Не то чтобы я слишком беспокоился о внезапной цветочной трансформации своих клинков, поскольку они, похоже, были столь же заряжены ненавистью, как и я. Мечи Теруо тоже завывали — у них был более низкий, басистый крик, — недвусмысленно демонстрируя мощь, не уступающую мощи моих мечей, так же, как стремление к победе любой ценой.

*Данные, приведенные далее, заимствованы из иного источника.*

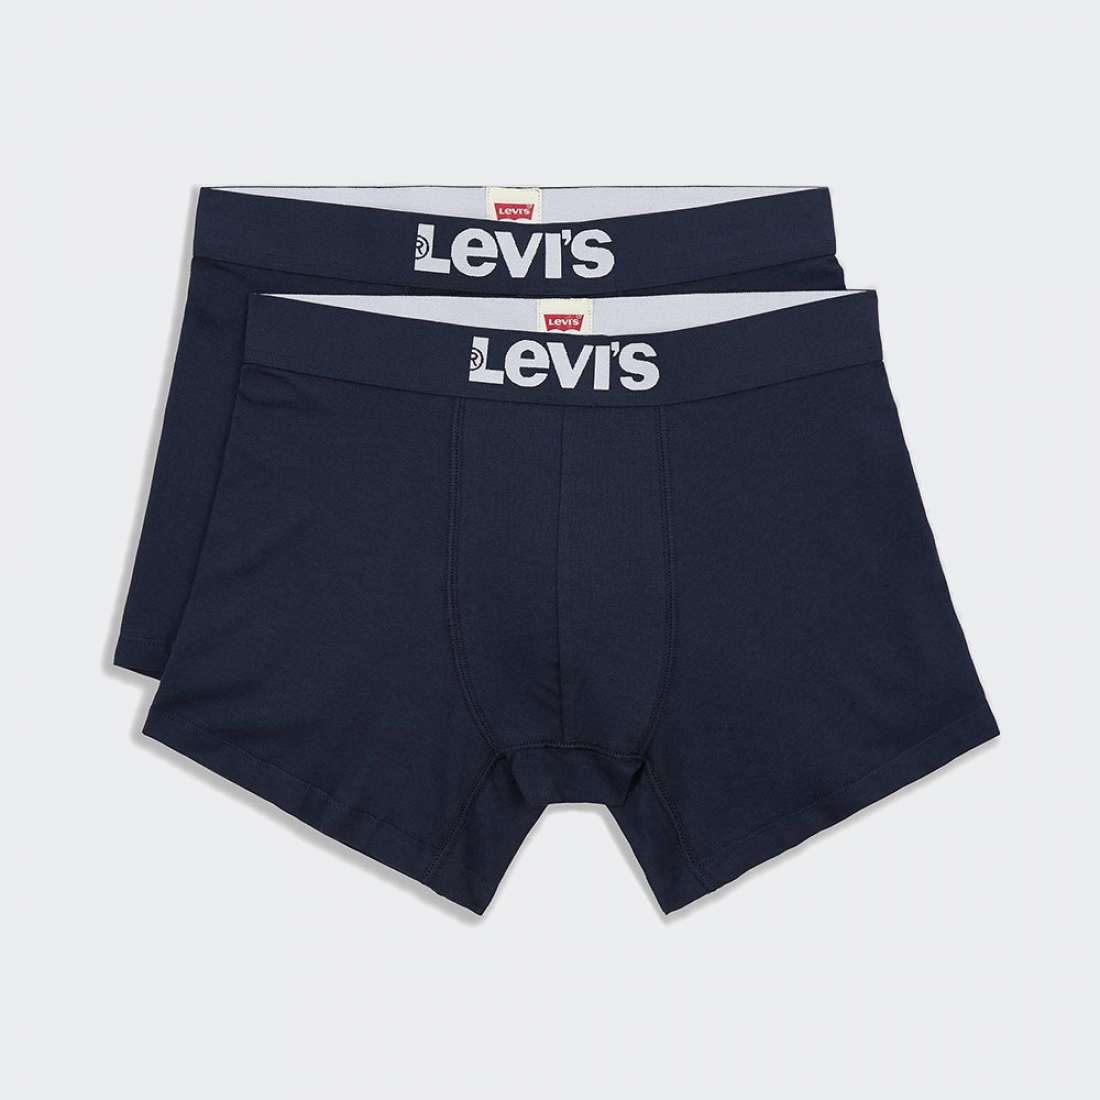 PACK 2 BOXERS LEVIS SOLID BASIC NAVY

Испытанный мною шок от этого открытия, должно быть, выразился в определенной растерянности, поскольку Теруо сделал мощный выпад длинным мечом, и я парировал его в последнюю секунду. Этот выпад был движением европейской — не японской — школы Фехтования, и я понял, что следует держать ухо востро. Мне не было известно, в течение скольких столетий этот персонаж имел возможность оттачивать свое мастерство фехтовальщика, и я был рад, что не знаю этого, ибо подобные сведения, безусловно, лишили бы меня мужества.
Итак, я отступал, одновременно пытаясь измерить уровень мастерства Теруо; результат оказался неутешительным — он фехтовал дьявольски хорошо, был чрезвычайно ловок и безупречно спокоен, ибо ему не о чем было волноваться — как-никак он был бессмертным, которого невозможно убить.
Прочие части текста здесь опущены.